# Happy New Year and Thank You!



## Hooked (31/12/17)

I didn't know where to post this lol.

I'd just like wish all the wonderful peeps on this forum, the vendors and [USERGROUP=3]@Admins[/USERGROUP] a happy and peaceful New Year. May all your wishes come true in 2018.

I'd also like to thank you all for your unbelievable helpfulness and friendliness. Honestly, I've never been part of such an amazing group. 

To [USERGROUP=3]@Admins[/USERGROUP] and the techno guys and gals - A big thank you for all the work that you do behind the scenes - or should I say, behind the keyboard! You run an awesome forum!!

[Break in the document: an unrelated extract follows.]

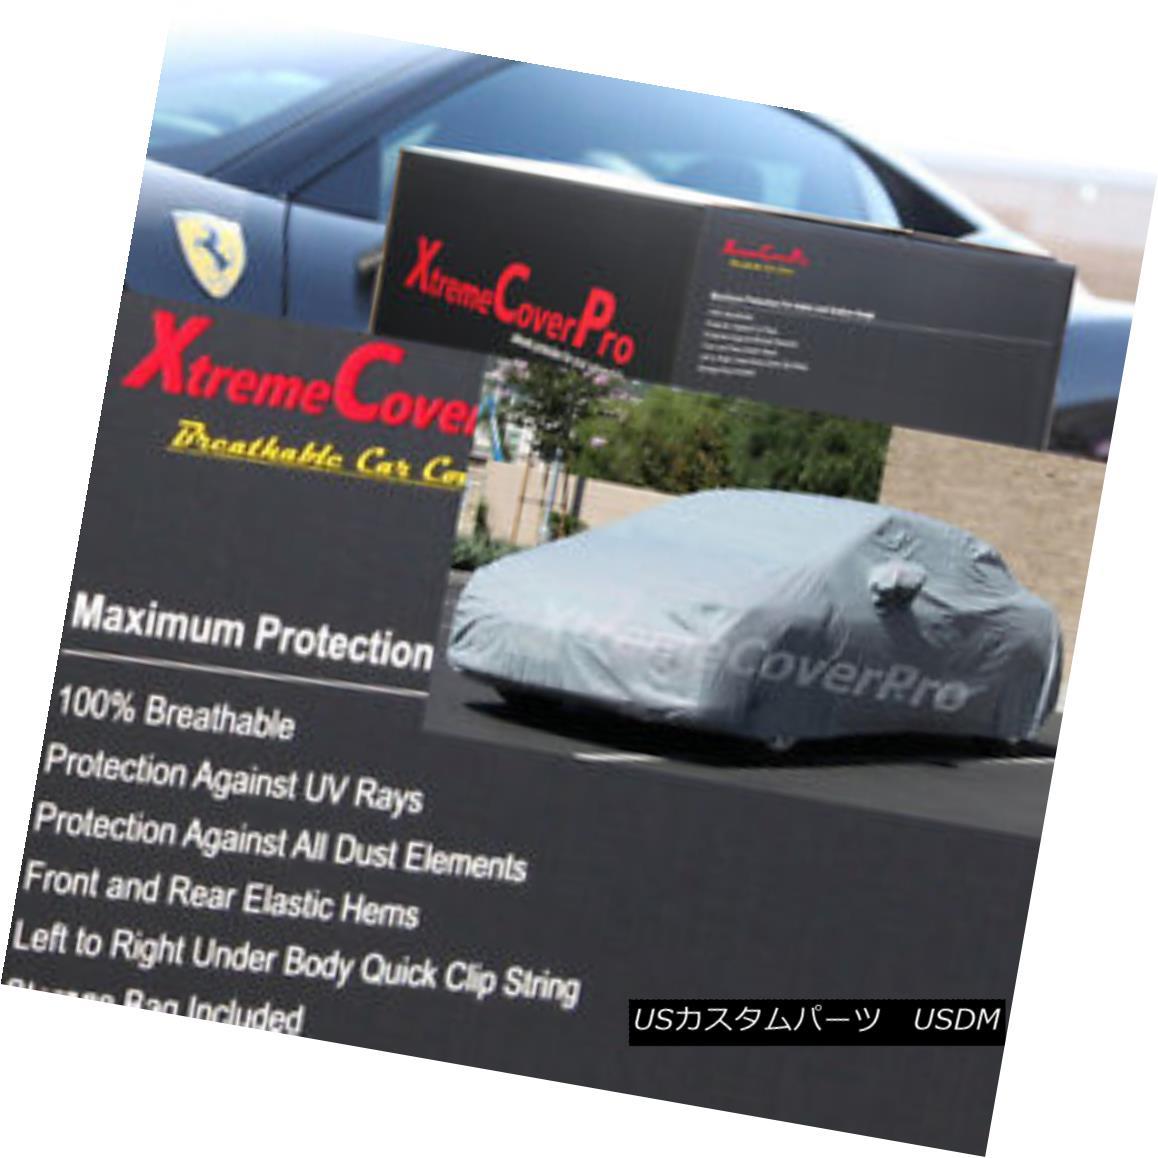 カーカバー 2015 CADILLAC CTS COUPE Breathable Car Cover w/Mirror Pockets - Gray 2015 CADILLAC CTS COUPE通気性のある車カバー付き/ミラーポケット - グレー

Have a vaping good year in 2018!

Reactions: Like 3 | Winner 16 | Can relate 2


----------



## Paul33 (31/12/17)

Hooked said:


> I didn't know where to post this lol.
> 
> I'd just like wish all the wonderful peeps on this forum, the vendors and [USERGROUP=3]@Admins[/USERGROUP] a happy and peaceful New Year. May all your wishes come true in 2018.
> 
> ...


Agreed @Hooked!!

2017 would’ve sucked that much harder had it not been for this forum. 

Always a laugh, information being shared and a general lack of douchbaggery that other platforms seem to have. Everyone here just wants to help where they can and make this vaping journey of all of ours that much more enjoyable. 

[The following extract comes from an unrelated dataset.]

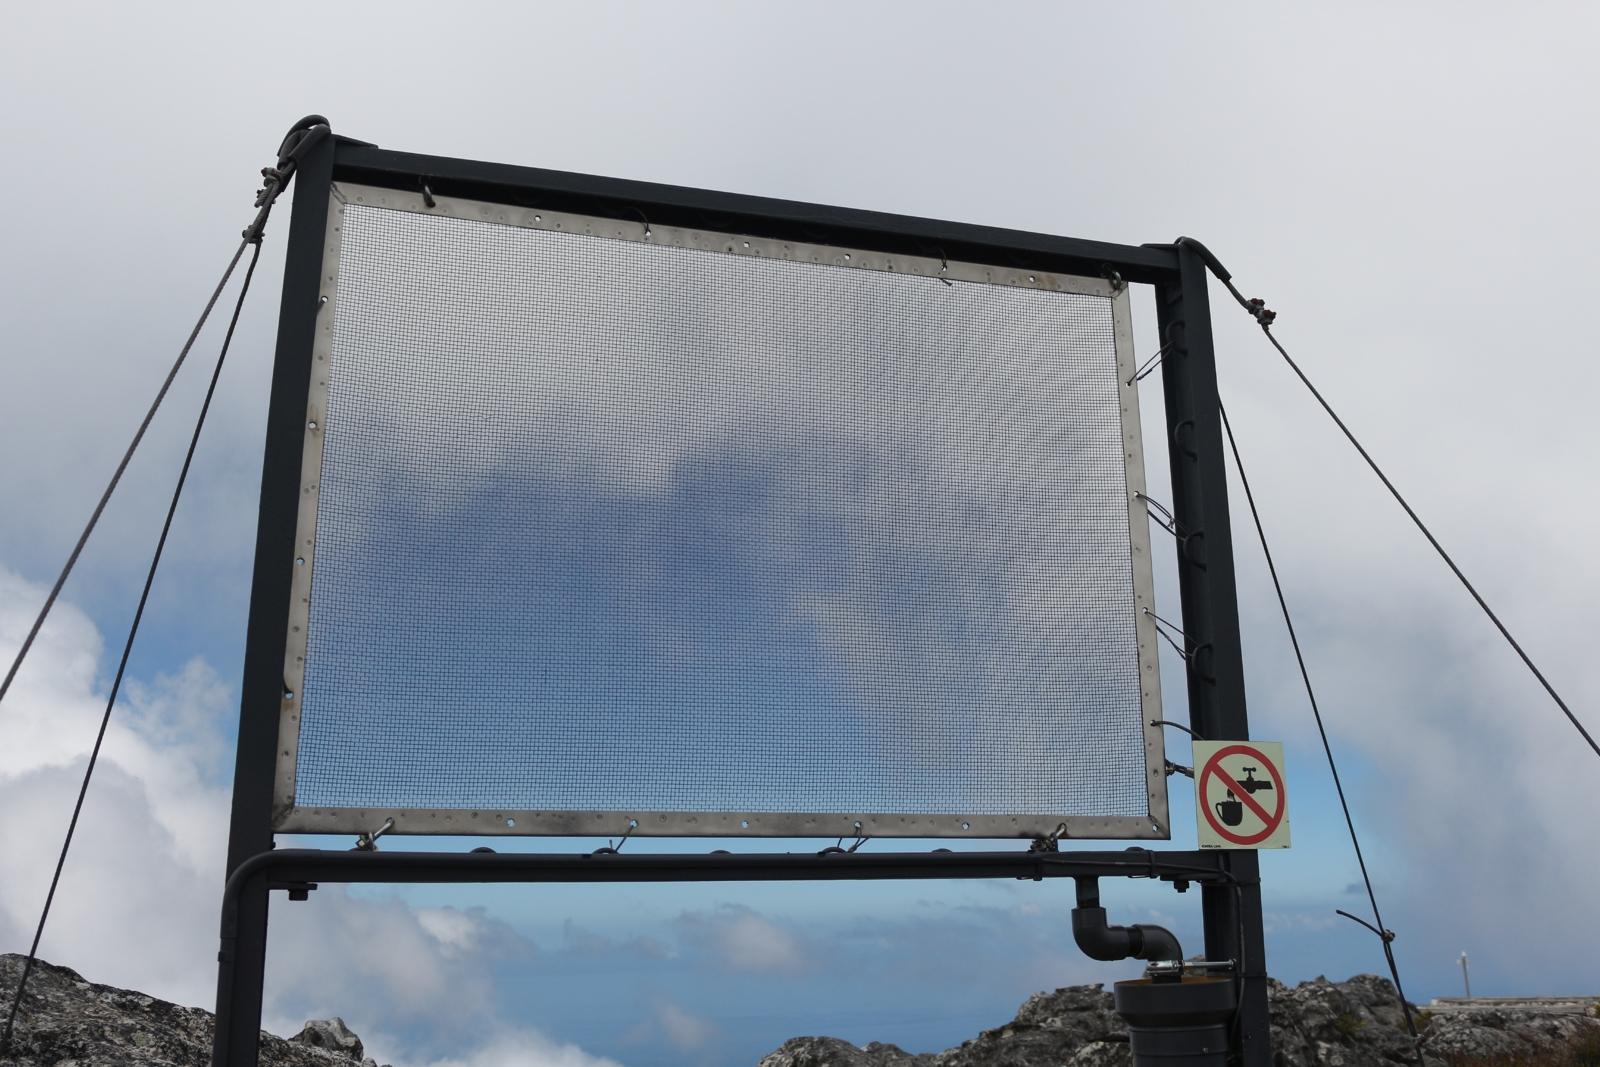 Water Works 10 - ein Nebelauffangnetz auf dem Tafelberg in Südafrika

Safe and happy New Years to all

Reactions: Like 9 | Agree 1


----------



## Room Fogger (31/12/17)

@Hooked @Paul33 , agree with the sentiment. It is nice to be part of something where everyone's only mission is to help, assist and share with regards to the vaping journey. 

Hope that 2018 will be exceptional and that we all will again selflessly share and build the community. May it be the year we have all been wishing for.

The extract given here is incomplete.